I’ve played around with numpy.r_, however, I did not manage to find the above result.

The below question might deserve another topic about numpy.r_

Why is the result significantly different if I remove len(taxi_modified) ?

taxi_modified[np.r_[:1800,1802:], 7].mean()

In addition, I thought the reported end bound index is not included in the slicing and to have it included, I need to add one. However, I end up with an error when running the below code:

end_bound = len(taxi_modified) + 1
taxi_modified[np.r_[:1800,1802:end_bound], 7].mean()

Error:

IndexError: index 89560 is out of bounds for axis 0 with size 89560

I did the below experiment:

  • create an array [ 1 2 3 4 5 6 7 8 9 10]
  • slice the array by removing the number 5. Expected result: [ 1 2 3 4 6 7 8 9 10]
tab = np.array([1,2,3,4,5,6,7,8,9,10])

print(tab)

end = int(len(tab)+1)
tab = np.r_[:5,6:end]

print(tab)

tab = np.r_[1:5,6:end]

print(tab)

which gives me the below result:

[ 1  2  3  4  5  6  7  8  9 10]
[ 0  1  2  3  4  6  7  8  9 10]
[ 1  2  3  4  6  7  8  9 10]

I don’t understand why there is a 0 in the second array that I print.
In order to get the result that I expected, I had slice by adding a 1 : tab = np.r_[1:5,6:end]

1 Like

Thanks for your reply, I haven’t learned Panda yet. Might get your point a bit later in my studies. Cheers !

Thanks for the contribution, I understand that there is no absolute response and it is more about a business analysis consideration. Appreciate the share of your reasoning.

That is because of precision difference
See the different results between python sum and numpy np.sum

>>> p_sum = sum(taxi_modified[np.r_[0:1800,1802:len(taxi_modified)], 7])
>>> n_sum = np.sum(taxi_modified[np.r_[0:1800,1802:len(taxi_modified)], 7])
>>> p_sum, n_sum
(1134476.200000008, 1134476.2000000002)

if you use python sum you will get your expected output

>>> p_sum / (len(taxi_modified)-2)
12.667502623997947

while using numpy np.sum

>>> n_sum / (len(taxi_modified)-2)
12.667502623997859

gives simiar to taxi_modified[np.r_[:1800,1802:len(taxi_modified)], 7].mean() so i guess mean internally using np.sum but i am not sure.


You don’t have to include extra 1 as index start with 0 so it already covering upto latst element of array.

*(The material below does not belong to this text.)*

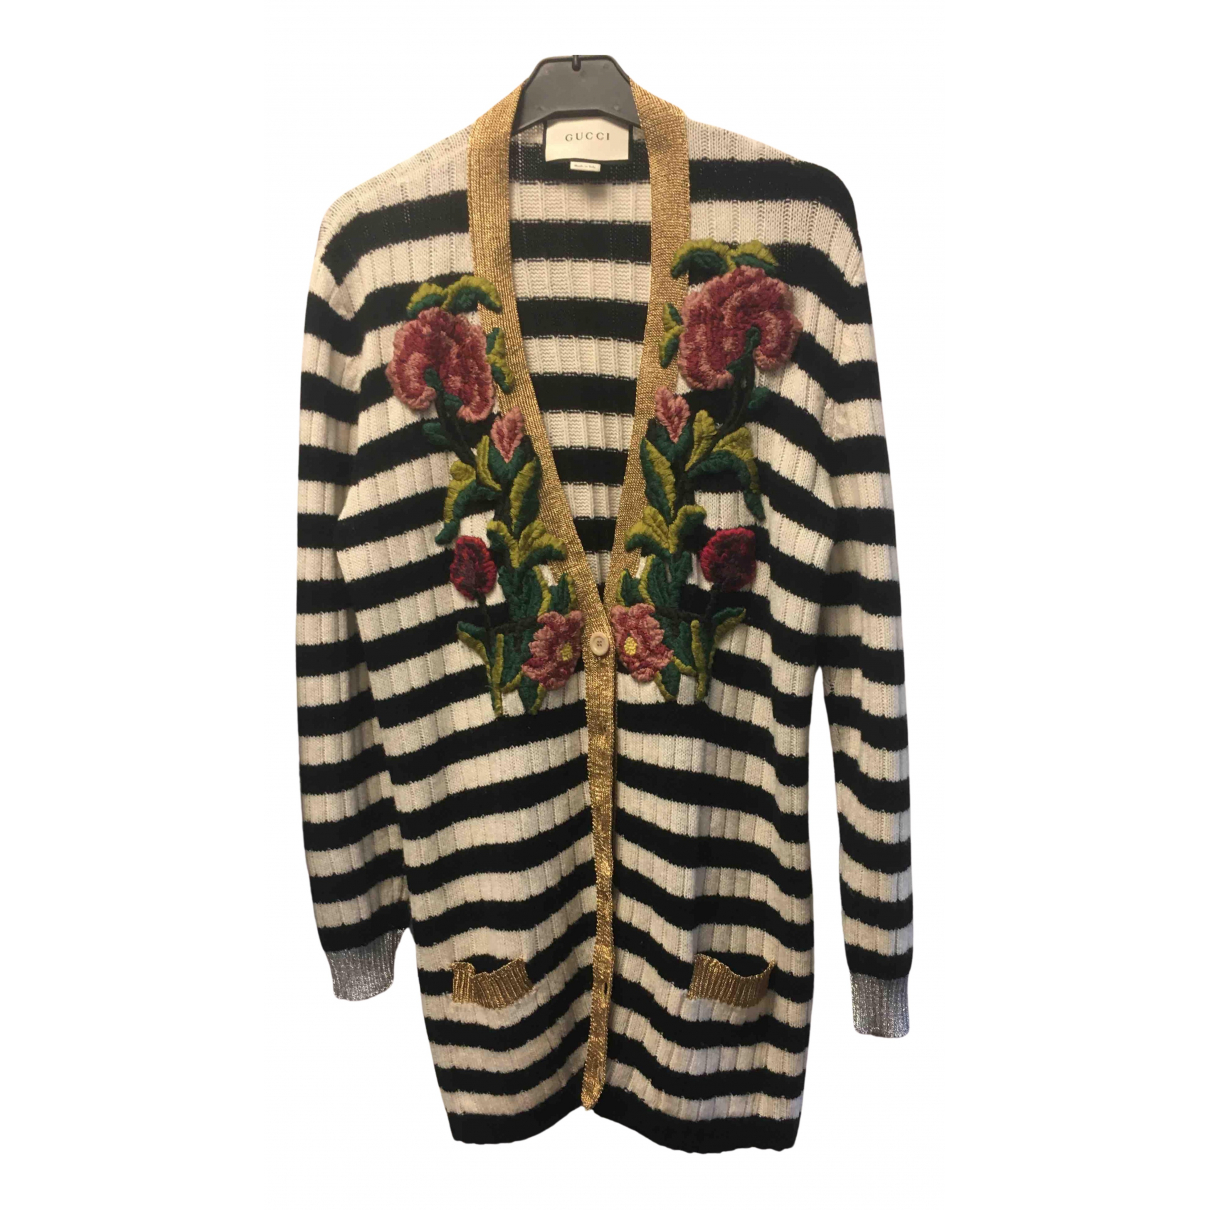 Gucci N Multicolour Wool coat for Women M International

Here again you don’t have to add extra 1 in end. and second here using np.r_ we are generating indices for our array so after generating indices you have to slice it with array and more you want to ignore 5th value which means 4th index so while generating indices we should ignore 4
Hence it should be

end = len(tab)                 # removed extra `1`
tab = tab[np.r_[:4,6:end]]     # Slicing with array `tab` and ignore 4th index instead of 5th

See the doc that says

So np.r_[:1800, 1802:] similar to concatenation of np.arange(start=None, stop=1800) and np.arange(start=1802, stop=None) but i dont know why it returning result when stop=None in second slicing.